## YOUR INSTRUCTIONS
Return the following from the records below: each line, word for word, starting with the line that contains "Women's Saucony Endorphin" and going on through the line that contains "53501 800 liter", with nothing outside that range.

## STORED DATA

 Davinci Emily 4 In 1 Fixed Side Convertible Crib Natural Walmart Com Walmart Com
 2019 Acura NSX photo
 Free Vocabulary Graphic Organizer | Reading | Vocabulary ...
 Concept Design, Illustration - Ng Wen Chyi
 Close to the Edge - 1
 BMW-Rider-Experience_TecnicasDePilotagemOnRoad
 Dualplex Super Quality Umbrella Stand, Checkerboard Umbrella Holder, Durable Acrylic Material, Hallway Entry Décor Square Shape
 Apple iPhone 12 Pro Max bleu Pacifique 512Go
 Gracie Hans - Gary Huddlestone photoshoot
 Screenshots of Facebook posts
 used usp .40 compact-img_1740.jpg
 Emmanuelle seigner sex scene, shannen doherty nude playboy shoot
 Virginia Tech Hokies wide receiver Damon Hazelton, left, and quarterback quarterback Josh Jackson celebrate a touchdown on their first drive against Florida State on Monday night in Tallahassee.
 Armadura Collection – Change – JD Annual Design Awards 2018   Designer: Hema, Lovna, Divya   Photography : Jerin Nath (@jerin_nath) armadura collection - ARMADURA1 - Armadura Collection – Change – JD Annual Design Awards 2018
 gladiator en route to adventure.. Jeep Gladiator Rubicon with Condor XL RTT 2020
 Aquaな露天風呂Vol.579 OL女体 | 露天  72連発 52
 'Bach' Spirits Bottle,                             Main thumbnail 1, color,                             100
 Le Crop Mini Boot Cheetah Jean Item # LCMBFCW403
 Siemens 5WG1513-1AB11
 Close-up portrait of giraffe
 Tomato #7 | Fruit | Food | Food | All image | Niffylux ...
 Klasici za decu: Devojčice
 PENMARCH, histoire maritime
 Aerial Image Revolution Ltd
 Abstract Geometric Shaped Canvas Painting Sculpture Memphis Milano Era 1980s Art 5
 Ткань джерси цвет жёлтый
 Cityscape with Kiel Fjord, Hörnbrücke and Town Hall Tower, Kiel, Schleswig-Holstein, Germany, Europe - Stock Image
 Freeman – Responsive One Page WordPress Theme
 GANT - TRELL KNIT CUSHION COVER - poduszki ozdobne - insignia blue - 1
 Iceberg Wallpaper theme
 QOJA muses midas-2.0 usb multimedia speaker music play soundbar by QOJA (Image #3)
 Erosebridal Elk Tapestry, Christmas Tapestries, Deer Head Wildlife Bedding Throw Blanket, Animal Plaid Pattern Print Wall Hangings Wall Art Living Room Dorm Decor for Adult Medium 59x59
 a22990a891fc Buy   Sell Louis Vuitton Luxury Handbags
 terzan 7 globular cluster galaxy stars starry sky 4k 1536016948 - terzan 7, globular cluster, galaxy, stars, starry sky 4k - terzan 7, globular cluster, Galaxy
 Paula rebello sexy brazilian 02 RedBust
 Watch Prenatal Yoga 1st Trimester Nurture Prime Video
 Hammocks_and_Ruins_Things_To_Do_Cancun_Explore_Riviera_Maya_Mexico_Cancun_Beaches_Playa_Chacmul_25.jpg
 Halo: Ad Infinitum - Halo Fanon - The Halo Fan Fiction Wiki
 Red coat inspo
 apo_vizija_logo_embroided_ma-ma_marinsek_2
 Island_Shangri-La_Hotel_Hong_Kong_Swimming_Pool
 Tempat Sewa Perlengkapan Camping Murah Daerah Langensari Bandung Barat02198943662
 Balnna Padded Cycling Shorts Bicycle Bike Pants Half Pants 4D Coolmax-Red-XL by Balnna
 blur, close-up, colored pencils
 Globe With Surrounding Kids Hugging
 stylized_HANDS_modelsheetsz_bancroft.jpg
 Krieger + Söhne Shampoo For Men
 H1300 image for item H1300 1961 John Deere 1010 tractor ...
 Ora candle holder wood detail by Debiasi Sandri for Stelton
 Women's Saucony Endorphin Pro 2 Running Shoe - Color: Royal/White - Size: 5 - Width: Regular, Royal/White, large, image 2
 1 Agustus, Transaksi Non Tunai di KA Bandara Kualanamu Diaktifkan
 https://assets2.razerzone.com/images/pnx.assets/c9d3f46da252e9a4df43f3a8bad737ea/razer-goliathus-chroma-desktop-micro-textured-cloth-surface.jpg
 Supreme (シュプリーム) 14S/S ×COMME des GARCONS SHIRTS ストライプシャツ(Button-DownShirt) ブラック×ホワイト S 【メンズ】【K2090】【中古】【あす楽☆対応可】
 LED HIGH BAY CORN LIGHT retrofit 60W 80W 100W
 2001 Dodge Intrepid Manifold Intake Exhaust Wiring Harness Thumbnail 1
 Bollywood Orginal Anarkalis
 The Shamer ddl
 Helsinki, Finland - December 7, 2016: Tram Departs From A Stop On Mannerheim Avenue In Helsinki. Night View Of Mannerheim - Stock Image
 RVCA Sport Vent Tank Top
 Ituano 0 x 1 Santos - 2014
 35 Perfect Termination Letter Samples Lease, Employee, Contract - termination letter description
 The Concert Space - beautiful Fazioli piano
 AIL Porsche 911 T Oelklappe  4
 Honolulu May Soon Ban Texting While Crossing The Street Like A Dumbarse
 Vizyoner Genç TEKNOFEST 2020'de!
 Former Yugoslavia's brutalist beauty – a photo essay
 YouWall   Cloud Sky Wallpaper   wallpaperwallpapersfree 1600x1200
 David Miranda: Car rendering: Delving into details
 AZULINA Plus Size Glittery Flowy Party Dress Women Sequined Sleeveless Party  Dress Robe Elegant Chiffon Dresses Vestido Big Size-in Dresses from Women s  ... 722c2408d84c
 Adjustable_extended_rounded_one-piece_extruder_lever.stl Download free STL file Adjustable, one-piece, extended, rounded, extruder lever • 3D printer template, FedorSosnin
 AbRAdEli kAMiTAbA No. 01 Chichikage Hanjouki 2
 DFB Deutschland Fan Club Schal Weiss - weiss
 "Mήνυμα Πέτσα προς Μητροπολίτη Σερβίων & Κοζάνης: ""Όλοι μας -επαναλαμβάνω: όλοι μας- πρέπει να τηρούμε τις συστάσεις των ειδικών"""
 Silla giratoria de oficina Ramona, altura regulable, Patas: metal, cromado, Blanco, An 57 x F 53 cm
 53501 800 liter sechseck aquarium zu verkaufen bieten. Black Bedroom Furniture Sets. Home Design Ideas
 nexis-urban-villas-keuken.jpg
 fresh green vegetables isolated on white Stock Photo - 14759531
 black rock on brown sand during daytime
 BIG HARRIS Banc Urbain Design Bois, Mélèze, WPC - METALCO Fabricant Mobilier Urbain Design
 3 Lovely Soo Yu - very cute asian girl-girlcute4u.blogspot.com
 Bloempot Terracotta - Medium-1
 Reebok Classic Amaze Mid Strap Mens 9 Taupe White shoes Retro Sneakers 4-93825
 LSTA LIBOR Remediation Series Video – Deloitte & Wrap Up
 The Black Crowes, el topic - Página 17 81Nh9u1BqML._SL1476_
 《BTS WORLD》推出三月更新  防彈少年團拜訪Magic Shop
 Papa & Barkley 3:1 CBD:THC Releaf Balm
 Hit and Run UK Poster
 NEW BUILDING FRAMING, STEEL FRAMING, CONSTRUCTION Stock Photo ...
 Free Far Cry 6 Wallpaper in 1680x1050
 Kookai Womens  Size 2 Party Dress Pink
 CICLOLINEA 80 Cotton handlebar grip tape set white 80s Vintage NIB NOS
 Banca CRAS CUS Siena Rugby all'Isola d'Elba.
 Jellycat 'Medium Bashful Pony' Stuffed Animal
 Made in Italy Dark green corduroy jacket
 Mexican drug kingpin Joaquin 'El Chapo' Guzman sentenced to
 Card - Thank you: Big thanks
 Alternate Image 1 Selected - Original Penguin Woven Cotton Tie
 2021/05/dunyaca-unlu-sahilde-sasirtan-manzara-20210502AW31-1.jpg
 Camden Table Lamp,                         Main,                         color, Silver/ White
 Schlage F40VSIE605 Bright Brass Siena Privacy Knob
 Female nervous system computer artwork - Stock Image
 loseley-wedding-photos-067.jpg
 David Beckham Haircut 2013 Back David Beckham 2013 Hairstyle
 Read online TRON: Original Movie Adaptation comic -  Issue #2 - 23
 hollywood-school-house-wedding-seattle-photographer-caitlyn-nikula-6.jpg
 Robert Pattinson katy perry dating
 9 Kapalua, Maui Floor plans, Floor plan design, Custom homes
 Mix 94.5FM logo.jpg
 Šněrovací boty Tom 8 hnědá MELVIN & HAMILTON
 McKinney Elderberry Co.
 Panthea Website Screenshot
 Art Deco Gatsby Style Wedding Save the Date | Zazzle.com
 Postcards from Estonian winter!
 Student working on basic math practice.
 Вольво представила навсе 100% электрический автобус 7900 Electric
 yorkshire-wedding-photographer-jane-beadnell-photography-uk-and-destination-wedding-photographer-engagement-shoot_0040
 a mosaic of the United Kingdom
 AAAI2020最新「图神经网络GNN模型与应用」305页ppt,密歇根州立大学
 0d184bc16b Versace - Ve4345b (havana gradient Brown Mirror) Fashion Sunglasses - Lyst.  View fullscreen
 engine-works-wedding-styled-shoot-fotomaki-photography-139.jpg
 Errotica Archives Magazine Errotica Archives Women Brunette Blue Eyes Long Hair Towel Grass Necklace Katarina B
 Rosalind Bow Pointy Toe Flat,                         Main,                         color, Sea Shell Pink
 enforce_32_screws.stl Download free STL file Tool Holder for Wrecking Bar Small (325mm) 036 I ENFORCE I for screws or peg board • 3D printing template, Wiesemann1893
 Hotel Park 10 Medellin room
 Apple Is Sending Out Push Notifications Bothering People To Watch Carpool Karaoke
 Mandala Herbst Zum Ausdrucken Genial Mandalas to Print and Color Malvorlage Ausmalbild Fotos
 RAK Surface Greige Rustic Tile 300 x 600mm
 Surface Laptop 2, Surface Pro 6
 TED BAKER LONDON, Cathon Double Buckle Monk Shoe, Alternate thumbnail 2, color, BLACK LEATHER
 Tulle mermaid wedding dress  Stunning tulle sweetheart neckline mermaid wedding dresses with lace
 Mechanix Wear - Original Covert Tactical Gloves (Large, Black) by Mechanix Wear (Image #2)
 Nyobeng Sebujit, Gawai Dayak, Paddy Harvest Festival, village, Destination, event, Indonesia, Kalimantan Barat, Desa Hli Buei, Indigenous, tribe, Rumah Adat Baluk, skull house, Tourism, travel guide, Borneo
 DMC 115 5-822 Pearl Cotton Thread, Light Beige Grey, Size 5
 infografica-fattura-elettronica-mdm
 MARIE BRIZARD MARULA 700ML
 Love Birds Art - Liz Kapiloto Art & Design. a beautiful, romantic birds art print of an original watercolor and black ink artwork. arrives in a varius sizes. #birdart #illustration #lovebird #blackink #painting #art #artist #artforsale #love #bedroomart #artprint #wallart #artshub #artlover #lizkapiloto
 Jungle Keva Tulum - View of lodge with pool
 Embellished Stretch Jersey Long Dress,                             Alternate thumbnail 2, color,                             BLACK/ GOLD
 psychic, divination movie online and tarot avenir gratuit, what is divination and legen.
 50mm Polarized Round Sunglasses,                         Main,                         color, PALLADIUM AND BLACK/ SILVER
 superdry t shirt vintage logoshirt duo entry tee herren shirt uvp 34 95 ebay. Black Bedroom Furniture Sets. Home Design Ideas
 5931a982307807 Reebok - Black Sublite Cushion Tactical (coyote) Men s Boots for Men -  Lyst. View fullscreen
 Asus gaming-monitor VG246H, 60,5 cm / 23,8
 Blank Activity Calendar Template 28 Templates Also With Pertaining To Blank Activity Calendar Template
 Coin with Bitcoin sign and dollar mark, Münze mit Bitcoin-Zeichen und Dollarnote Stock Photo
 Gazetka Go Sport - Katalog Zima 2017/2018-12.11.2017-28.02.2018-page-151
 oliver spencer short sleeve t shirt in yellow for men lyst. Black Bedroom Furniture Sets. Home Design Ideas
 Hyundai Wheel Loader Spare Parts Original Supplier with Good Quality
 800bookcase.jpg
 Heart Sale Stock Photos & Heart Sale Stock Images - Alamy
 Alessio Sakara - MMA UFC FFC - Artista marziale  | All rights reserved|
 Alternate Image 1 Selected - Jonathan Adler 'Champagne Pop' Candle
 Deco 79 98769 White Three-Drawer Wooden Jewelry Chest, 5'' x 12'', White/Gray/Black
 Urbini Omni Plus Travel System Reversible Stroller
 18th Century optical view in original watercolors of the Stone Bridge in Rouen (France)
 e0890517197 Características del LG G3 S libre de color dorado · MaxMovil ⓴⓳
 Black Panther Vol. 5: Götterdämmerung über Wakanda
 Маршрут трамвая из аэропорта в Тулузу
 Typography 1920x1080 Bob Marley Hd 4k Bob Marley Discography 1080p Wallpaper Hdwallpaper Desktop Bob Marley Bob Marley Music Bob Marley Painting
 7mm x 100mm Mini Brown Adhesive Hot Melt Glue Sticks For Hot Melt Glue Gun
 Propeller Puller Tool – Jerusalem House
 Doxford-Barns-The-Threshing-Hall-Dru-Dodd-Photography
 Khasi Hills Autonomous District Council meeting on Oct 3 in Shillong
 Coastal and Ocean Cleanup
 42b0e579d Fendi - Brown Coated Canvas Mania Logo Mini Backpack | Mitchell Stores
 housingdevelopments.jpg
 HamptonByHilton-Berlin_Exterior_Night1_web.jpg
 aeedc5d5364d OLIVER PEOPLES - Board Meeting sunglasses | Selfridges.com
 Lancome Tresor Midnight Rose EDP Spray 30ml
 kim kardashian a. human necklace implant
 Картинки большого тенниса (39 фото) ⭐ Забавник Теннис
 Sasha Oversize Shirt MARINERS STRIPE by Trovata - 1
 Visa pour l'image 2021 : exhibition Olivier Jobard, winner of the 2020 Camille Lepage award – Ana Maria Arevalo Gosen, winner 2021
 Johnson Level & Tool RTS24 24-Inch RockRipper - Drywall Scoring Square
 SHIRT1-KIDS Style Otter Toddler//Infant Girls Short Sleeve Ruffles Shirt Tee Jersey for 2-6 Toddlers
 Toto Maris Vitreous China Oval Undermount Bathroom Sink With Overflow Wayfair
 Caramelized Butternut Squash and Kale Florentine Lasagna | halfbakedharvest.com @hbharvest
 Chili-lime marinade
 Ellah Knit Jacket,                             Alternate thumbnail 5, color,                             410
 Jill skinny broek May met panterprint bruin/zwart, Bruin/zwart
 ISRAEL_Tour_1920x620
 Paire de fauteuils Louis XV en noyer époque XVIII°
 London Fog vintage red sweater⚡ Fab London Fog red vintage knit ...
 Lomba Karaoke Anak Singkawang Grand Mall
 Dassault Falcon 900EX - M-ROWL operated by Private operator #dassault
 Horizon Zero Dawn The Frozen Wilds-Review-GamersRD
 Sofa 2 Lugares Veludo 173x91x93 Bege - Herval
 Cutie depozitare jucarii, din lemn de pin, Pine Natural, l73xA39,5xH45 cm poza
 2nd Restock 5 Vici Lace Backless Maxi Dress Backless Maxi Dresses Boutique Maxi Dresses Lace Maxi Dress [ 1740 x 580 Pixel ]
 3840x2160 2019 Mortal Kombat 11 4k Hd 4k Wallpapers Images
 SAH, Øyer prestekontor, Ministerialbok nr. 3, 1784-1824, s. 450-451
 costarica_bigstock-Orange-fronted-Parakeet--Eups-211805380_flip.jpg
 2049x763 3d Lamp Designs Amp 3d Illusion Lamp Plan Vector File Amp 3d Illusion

## EXERCISE ANSWER
 Women's Saucony Endorphin Pro 2 Running Shoe - Color: Royal/White - Size: 5 - Width: Regular, Royal/White, large, image 2
 1 Agustus, Transaksi Non Tunai di KA Bandara Kualanamu Diaktifkan
 https://assets2.razerzone.com/images/pnx.assets/c9d3f46da252e9a4df43f3a8bad737ea/razer-goliathus-chroma-desktop-micro-textured-cloth-surface.jpg
 Supreme (シュプリーム) 14S/S ×COMME des GARCONS SHIRTS ストライプシャツ(Button-DownShirt) ブラック×ホワイト S 【メンズ】【K2090】【中古】【あす楽☆対応可】
 LED HIGH BAY CORN LIGHT retrofit 60W 80W 100W
 2001 Dodge Intrepid Manifold Intake Exhaust Wiring Harness Thumbnail 1
 Bollywood Orginal Anarkalis
 The Shamer ddl
 Helsinki, Finland - December 7, 2016: Tram Departs From A Stop On Mannerheim Avenue In Helsinki. Night View Of Mannerheim - Stock Image
 RVCA Sport Vent Tank Top
 Ituano 0 x 1 Santos - 2014
 35 Perfect Termination Letter Samples Lease, Employee, Contract - termination letter description
 The Concert Space - beautiful Fazioli piano
 AIL Porsche 911 T Oelklappe  4
 Honolulu May Soon Ban Texting While Crossing The Street Like A Dumbarse
 Vizyoner Genç TEKNOFEST 2020'de!
 Former Yugoslavia's brutalist beauty – a photo essay
 YouWall   Cloud Sky Wallpaper   wallpaperwallpapersfree 1600x1200
 David Miranda: Car rendering: Delving into details
 AZULINA Plus Size Glittery Flowy Party Dress Women Sequined Sleeveless Party  Dress Robe Elegant Chiffon Dresses Vestido Big Size-in Dresses from Women s  ... 722c2408d84c
 Adjustable_extended_rounded_one-piece_extruder_lever.stl Download free STL file Adjustable, one-piece, extended, rounded, extruder lever • 3D printer template, FedorSosnin
 AbRAdEli kAMiTAbA No. 01 Chichikage Hanjouki 2
 DFB Deutschland Fan Club Schal Weiss - weiss
 "Mήνυμα Πέτσα προς Μητροπολίτη Σερβίων & Κοζάνης: ""Όλοι μας -επαναλαμβάνω: όλοι μας- πρέπει να τηρούμε τις συστάσεις των ειδικών"""
 Silla giratoria de oficina Ramona, altura regulable, Patas: metal, cromado, Blanco, An 57 x F 53 cm
 53501 800 liter sechseck aquarium zu verkaufen bieten. Black Bedroom Furniture Sets. Home Design Ideas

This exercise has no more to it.